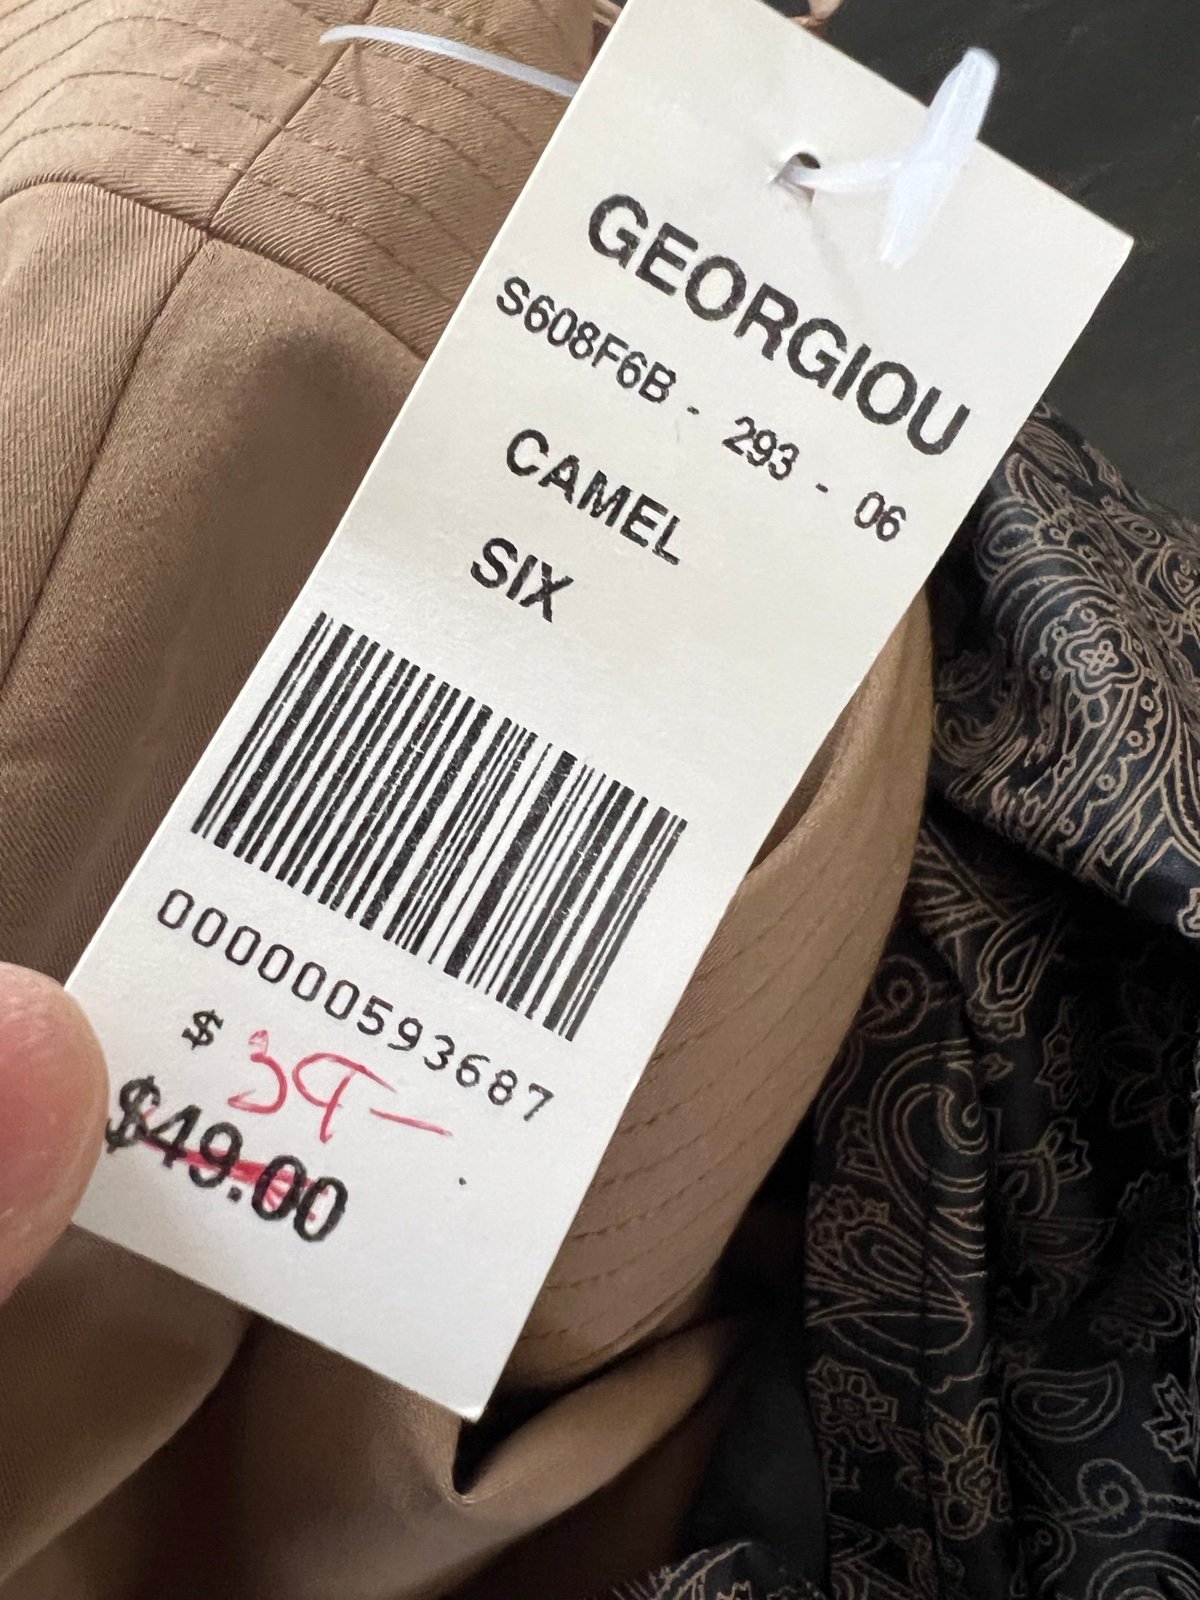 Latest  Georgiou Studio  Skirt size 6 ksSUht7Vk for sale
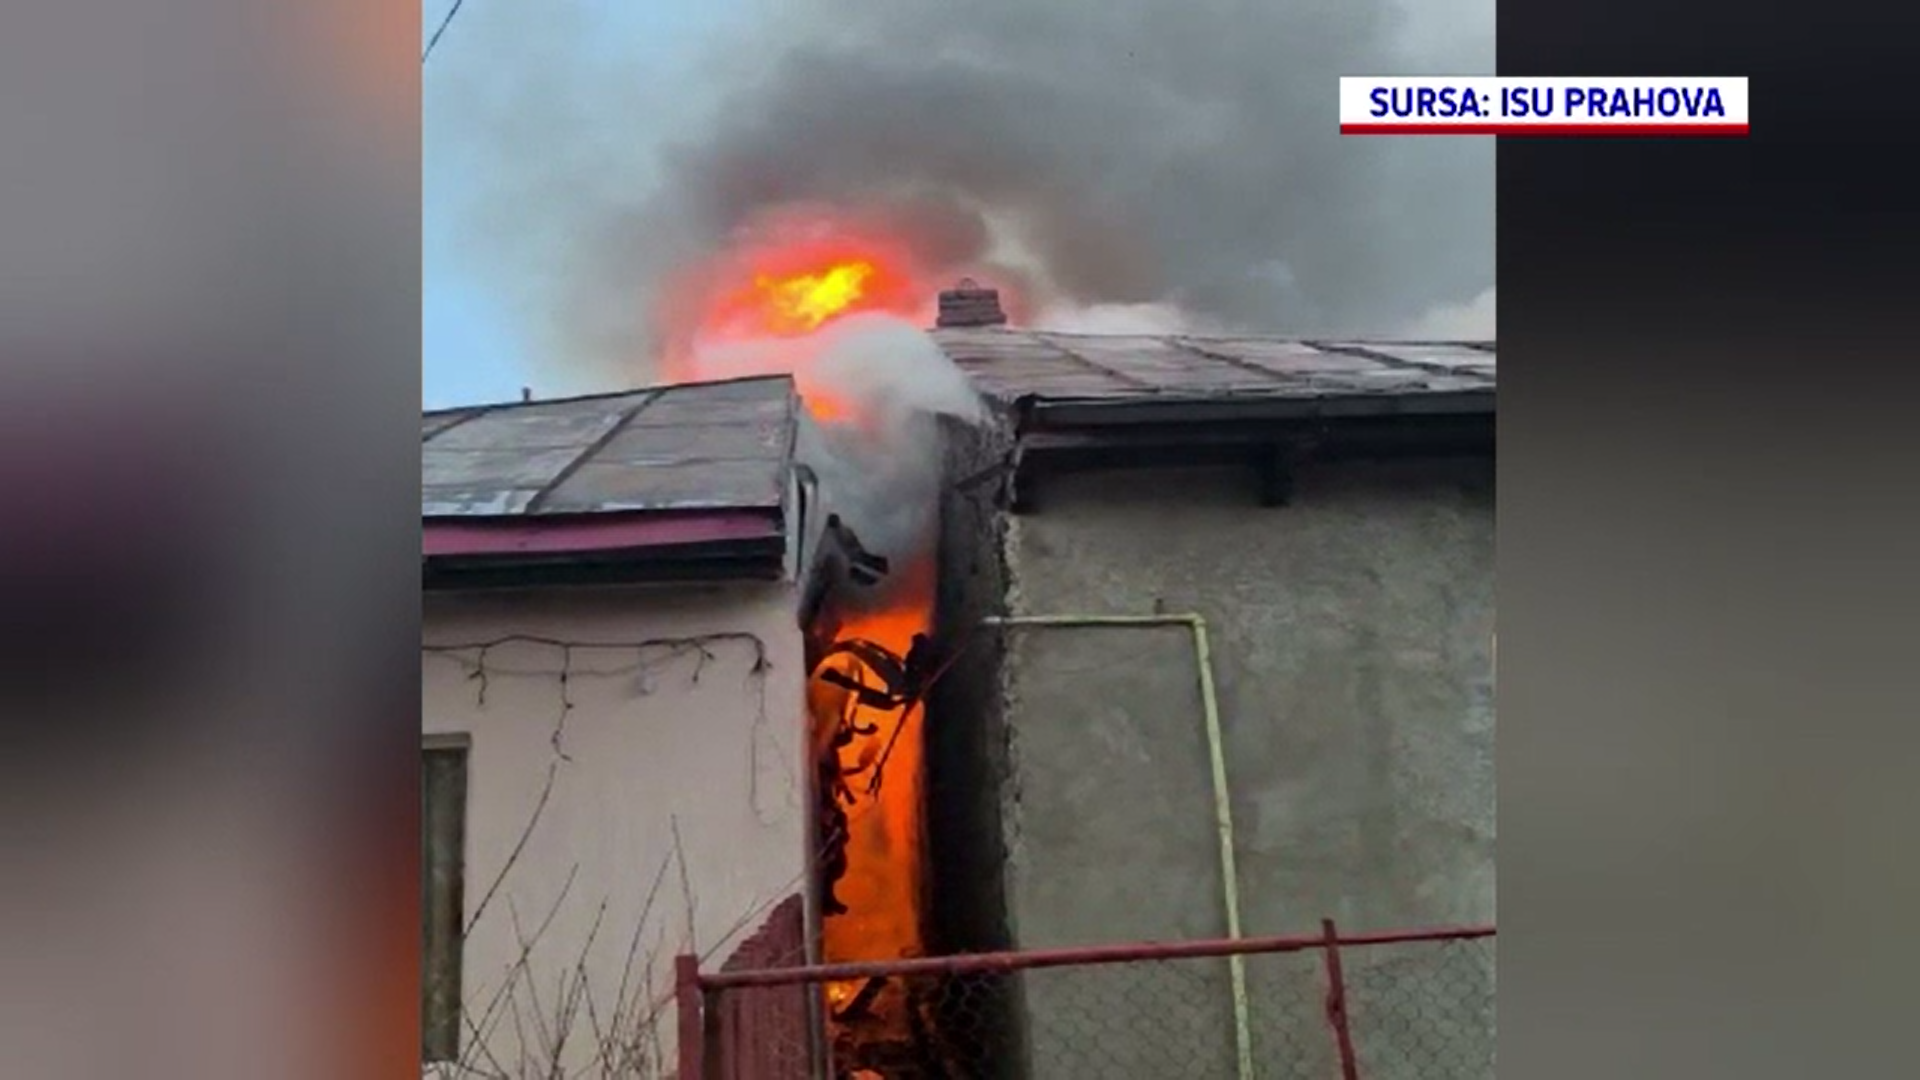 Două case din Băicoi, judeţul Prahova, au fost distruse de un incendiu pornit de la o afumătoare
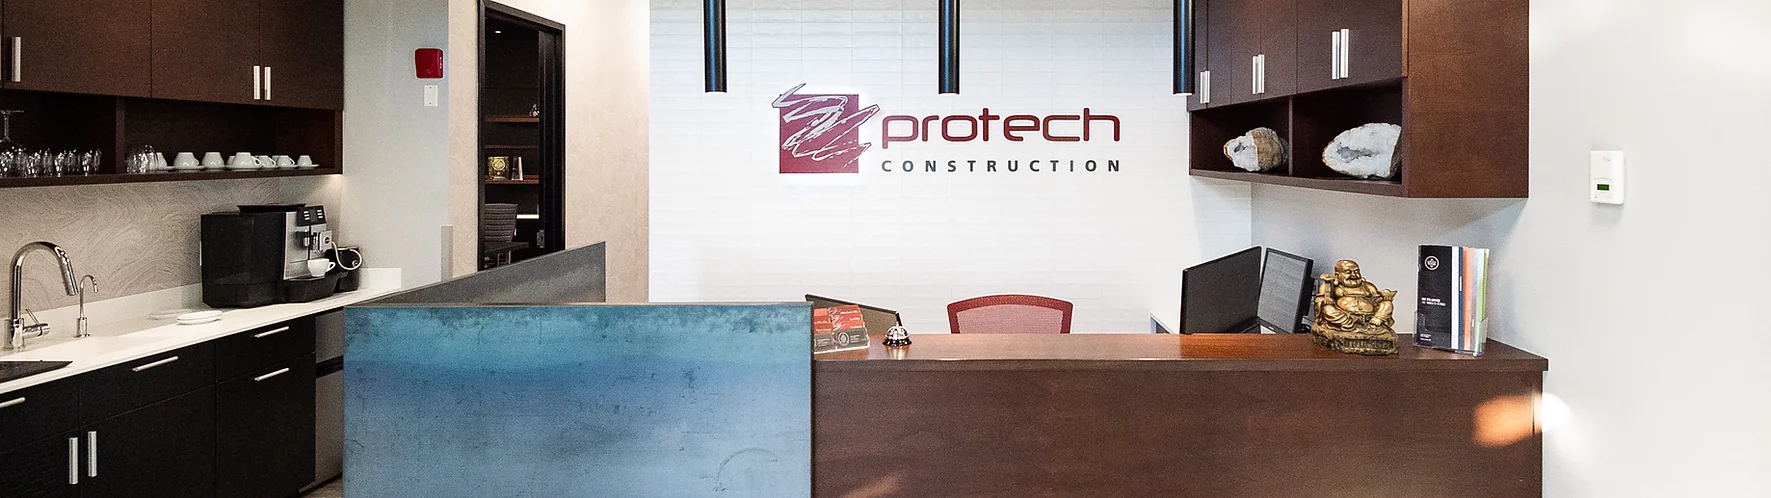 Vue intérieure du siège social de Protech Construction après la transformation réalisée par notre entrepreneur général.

HOW TO COMPLETE THIS TASK ->
Copy the data character for character, but drop all pictures from the copy.

TASK OUTPUT ->
 Latest  Georgiou Studio  Skirt size 6 ksSUht7Vk for sale
 Două case din Băicoi, judeţul Prahova, au fost distruse de un incendiu pornit de la o afumătoare
 Vue intérieure du siège social de Protech Construction après la transformation réalisée par notre entrepreneur général.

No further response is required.